For the first time since he could remember, he'd slept a sound, dreamless sleep.

Whether from the sleep or something else, Lucien couldn't help feeling optimistic about finally recovery his ship as they left Santiago behind them. As it turned out, the solution to the problem with Dewberry presented itself shortly thereafter.

"I made arrangements to take on the cargo of oil from those sealers," Captain Dewberry said as he and Lucien breakfasted together.

"Where are you going to sell it?" Lucien asked.

"It's a quick jump south to Port Royal. And we're due there anyway to collect sugar and ginger.

"I wonder if we shouldn't try Barbados. I think we might be able to sell it at a higher price, and the sugar there's better quality as well," Lucien suggested, a plan forming.

"Maybe so, but these bones of mine are screaming for this voyage to be over. We'll take the closer port," Captain Dewberry said with finality.

Lucien tried to look sympathetic. "Of course, of course. I'm sure my father will understand the sacrifice."

The old captain scowled. He looked like he might be having second thoughts. Lucien could smell victory.

"Then again, you could rest in Port Royal, while I take the cargo to Barbados. Then I can pick you up and we'll head for home." That route would take him twice past the port in Curacao, and he was sure to catch her one way or the other. He watched Dewberry carefully as he considered Lucien's idea. It looked as if he was about to disagree so Lucien cast about for another.

He met the older man's eyes, and then squinted as he looked into them. "Oh, that's no good now, is it," he said as he looked from one eye to the other.

"I beg your pardon?" the older man said with trepidation.

"Have you been eating properly?" Lucien asked.

"Whatever do you mean?
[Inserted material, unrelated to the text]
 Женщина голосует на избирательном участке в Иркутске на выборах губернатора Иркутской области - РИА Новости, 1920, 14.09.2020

What are you on about? Out with it!" the captain said with authority.

"I apologize. It's only that I noticed your eyes have a faint yellow cast to them. With all the stiffness you've been complaining about, I thought you may be coming down with a bout of scurvy." Lucien shook his head as if it couldn't be helped.
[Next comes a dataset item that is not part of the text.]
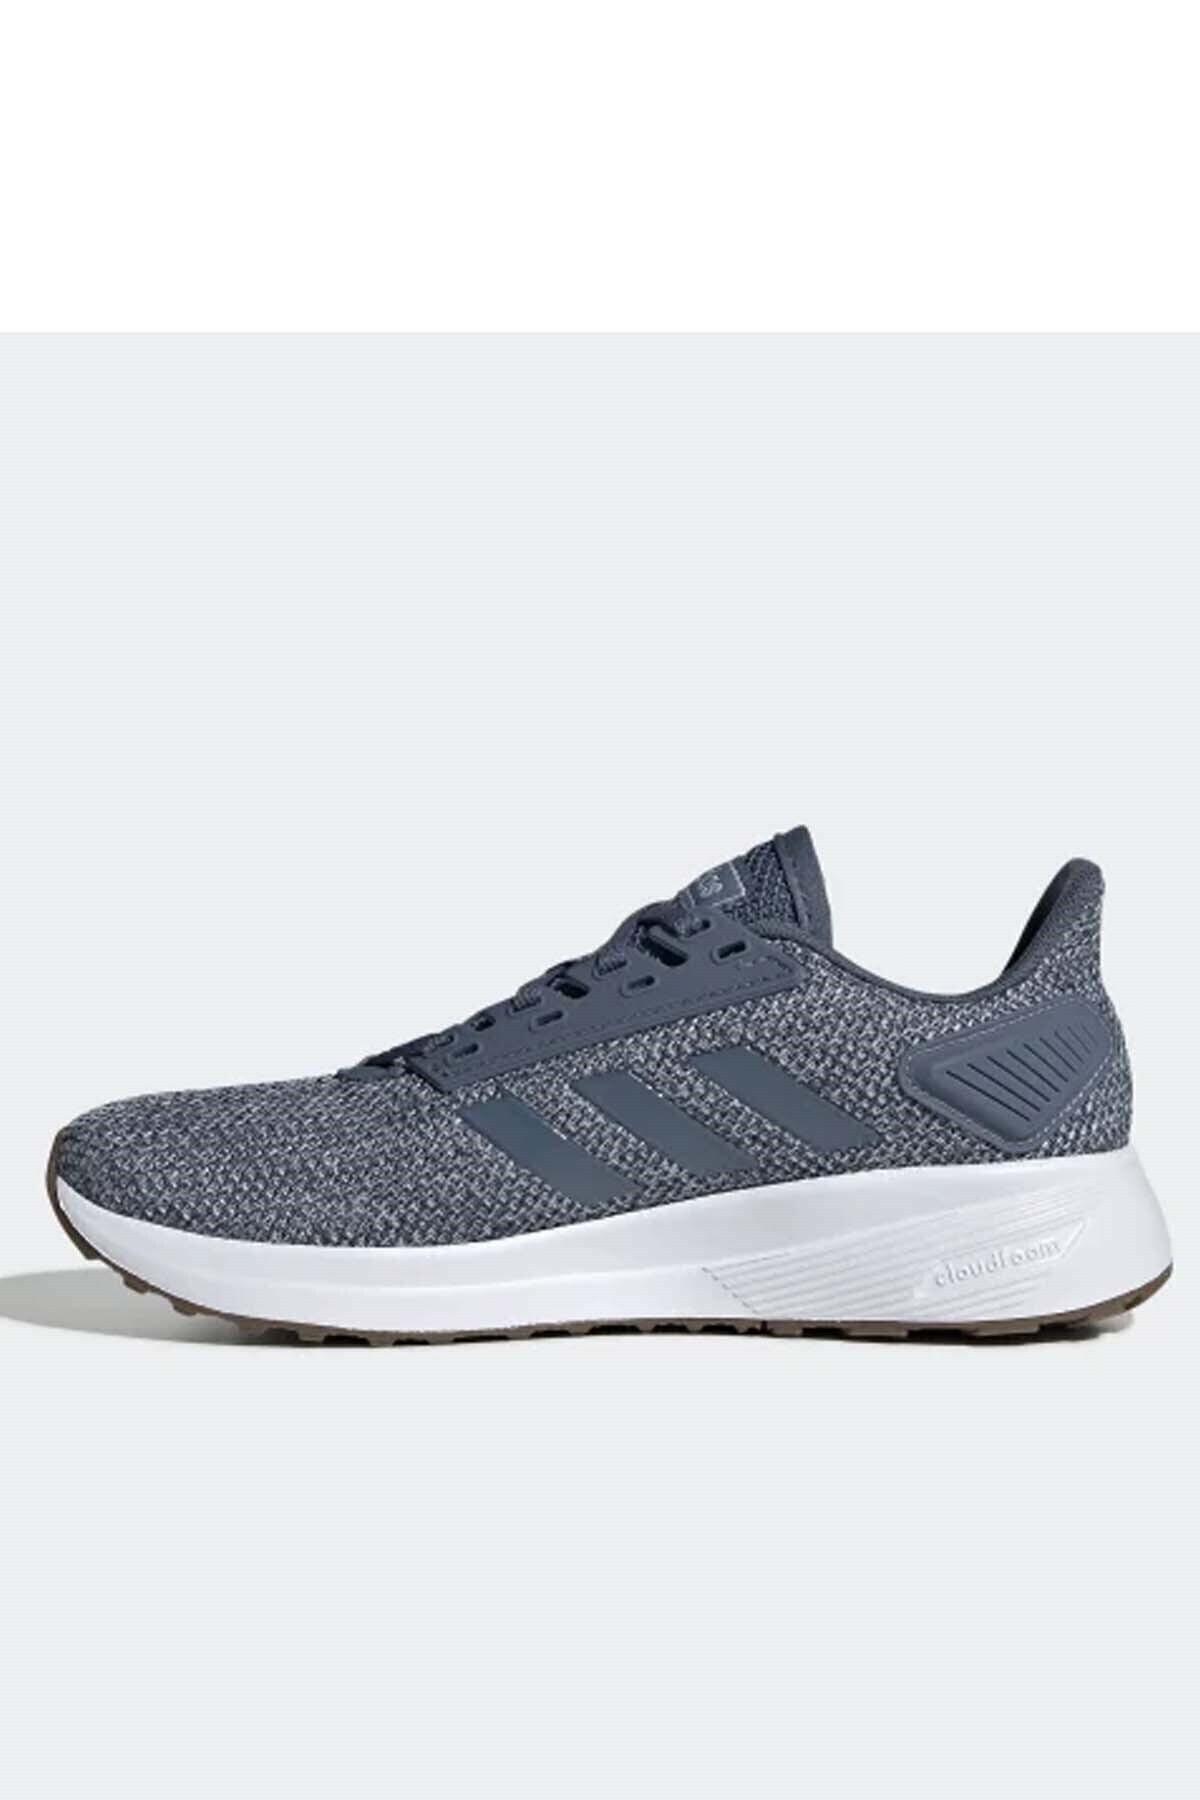 adidas Duramo 9 Unisex Koşu Ayakkabısı Ee8352 2

"What! Nonsense. I've never had scurvy in all my sailin' days! And I'm always stiff. I'm no youngling," Dewberry blustered.

"I'm sure you're right. I just thought it seemed worse than before is all. It wouldn't be surprising. At your age the body becomes most sensitive to things like that. But no matter. Probably a trick of the lighting."

"Let's say I was coming down with scurvy. You can cure it?" Captain Dewberry said in an offhand way as he stirred his plate of food with his fork.

"Of course. It so happens the best cure is to simply spend time ashore," Lucien assured, taking a casual sip of wine.

The old man nodded. "Do you think you could spare your man Johnstone to stay with me in Port Royal? I enjoy his company."

"Capital idea! He can help keep an eye on your condition while I'm away!" Lucien could hardly contain his elation. He was going to get his ship back!